Sip a Venti dark roast and eat a salad. A new Northwestern Medicine study shows coffee consumption and eating lots of vegetables may offer some protection against COVID-19.
The authors believe this is the first study using population data to examine the role of specific dietary intake in prevention of COVID-19.
“A person’s nutrition impacts immunity,” said senior author Marilyn Cornelis, associate professor of preventive medicine at Northwestern University Feinberg School of Medicine. “And the immune system plays a key role in an individual’s susceptibility and response to infectious diseases, including COVID-19.”
Being breastfed may also offer protection as well as eating less processed meats, the study found.
“Besides following guidelines currently in place to slow the spread of the virus, we provide support for other relatively simple ways in which individuals can reduce their risk and that is through diet and nutrition,” Cornelis said.
One or more cups of coffee per day was associated with about a 10% decrease in risk of COVID-19 compared to less than one cup per day. Consumption of at least 0.67 servings per day of vegetables (cooked or raw, excluding potatoes) was associated with a lower risk of COVID-19 infection. Processed meat consumption of as little as 0.43 servings per day was associated with a higher risk of COVID-19. Having been breastfed as a baby reduced the risk 10% compared to not having been breastfed.
While the study shows diet appears to modestly reduce disease risk, the Centers for Disease Control and Prevention recommends vaccines as the most effective way to prevent COVID-19 disease, especially severe illness and death.
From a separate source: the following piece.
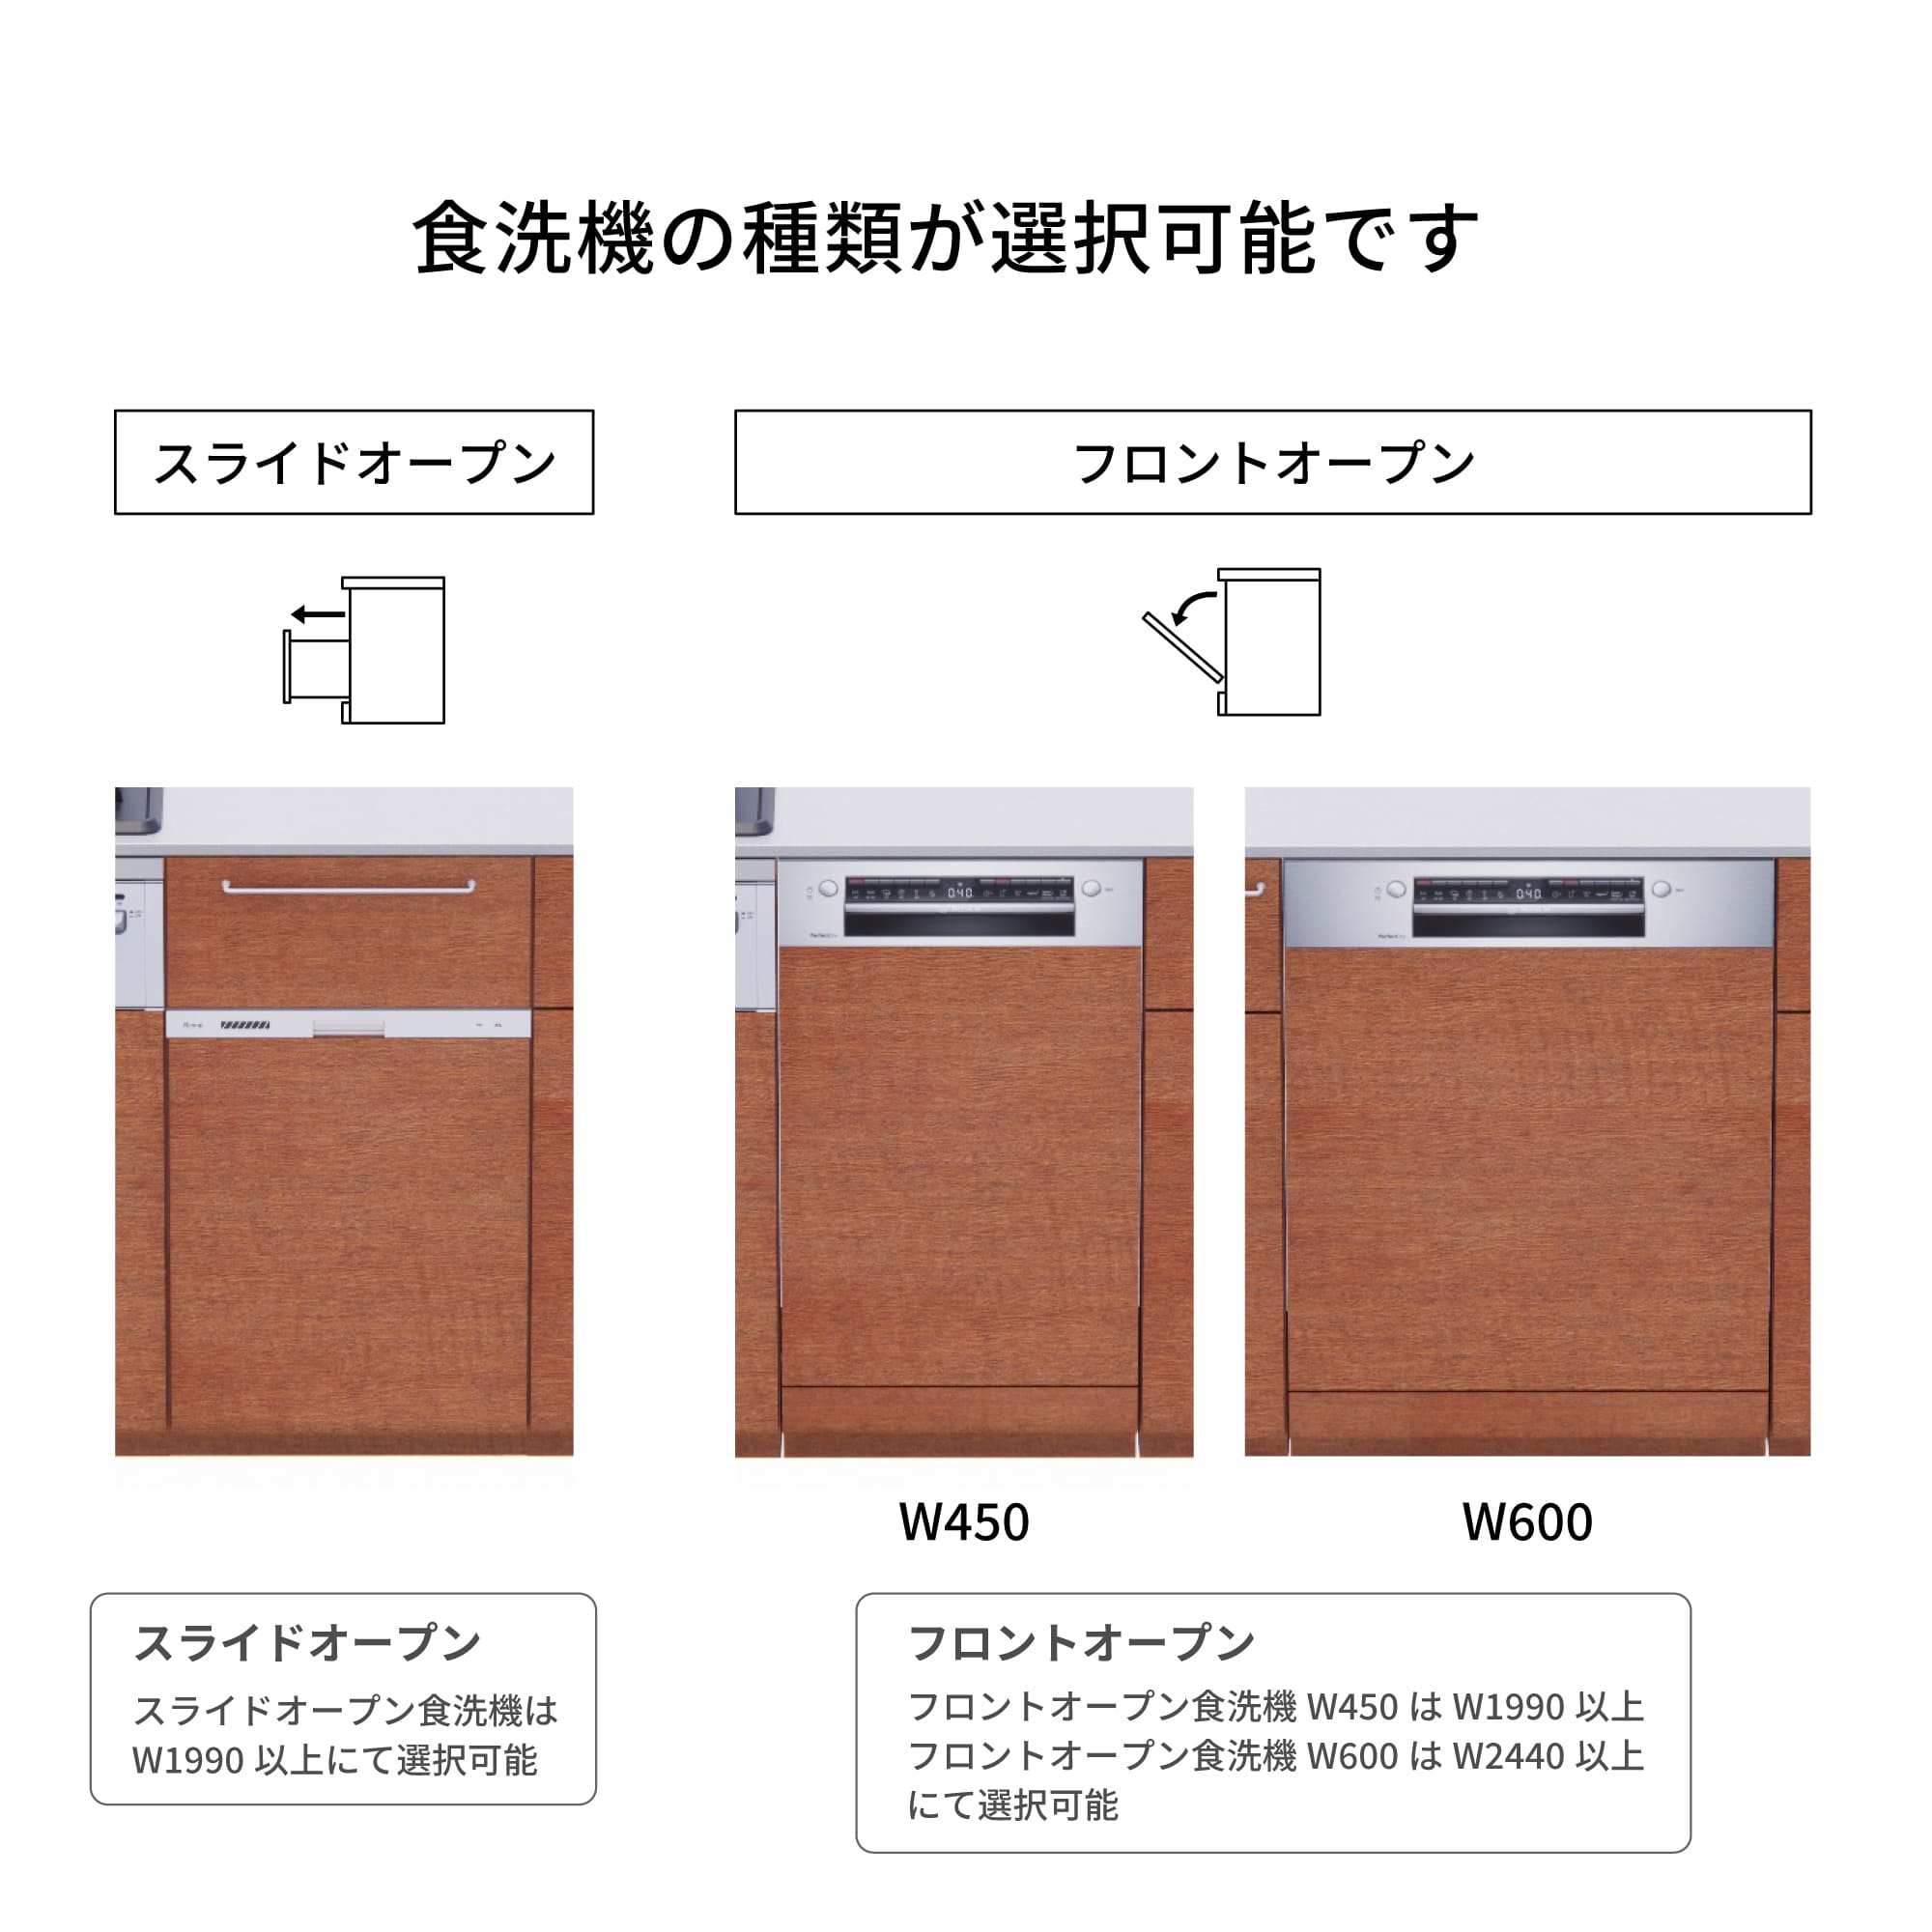 木製システムキッチン 対面型 W2440～2740・コンロなし / オーブンなし / 食洗機あり KB-KC022-45-G183 食洗機が選択できます

COVID-19 vaccines also reduce the risk of people spreading the virus that causes COVID-19.
Thus far, most COVID-19 research has focused on individual factors assessed after a positive COVID-19 test. Individuals with suppressed immune systems such as the elderly and those with existing comorbidities including cardiovascular diseases, hypertension, diabetes and obesity, are more likely to experience severe outcomes of COVID-19.
But other than weight management, less attention has focused on other modifiable risk factors preceding COVID-19 infection, said Cornelis, who studies how diet and nutrition contribute to chronic disease.
Dr. Thanh-Huyen Vu, the study’s first author and a research associate professor of medicine at Northwestern, is now leading analyses to determine whether these protective diet behaviors are specific to COVID or respiratory infections more broadly.
Exact mechanisms linking these diet factors to COVID are unknown.
“Coffee is a major source of caffeine, but there are also dozens of other compounds that may potentially underlie the protective associations we observed,” Cornelius said. “Associations with processed meat, but not red meat, point to non-meat factors.”
Using data from the UK Biobank, researchers examined the associations between dietary behaviors measured in 2006-2010 and COVID-19 infections in March to December 2020, before vaccines were available. They focused on 1) diet factors for which data were available and previously implicated in immunity based on human and animal studies; 2) self-reported intakes of coffee, tea, vegetables, fruit, fatty fish, processed meat and red meat. An early-life exposure to breastmilk also was analyzed.
Among the 37,988 participants tested for COVID-19 and included in the study, 17% tested positive.
The observational nature of the UK Biobank research limits the extent to which mechanisms of protection can be tested, Cornelis said. However, much of her nutrition research uses genetics, and with all UK Biobank participants currently genotyped, she hopes to use this information to gain better insight into how diet and nutrition offer protection from the disease.
Other Northwestern authors include Kelsey Rydland, Dr. Chad Achenbach and Linda Van Horn.
The research was supported by grant K01AG053477 from the National Institute on Aging of the National Institutes of Health.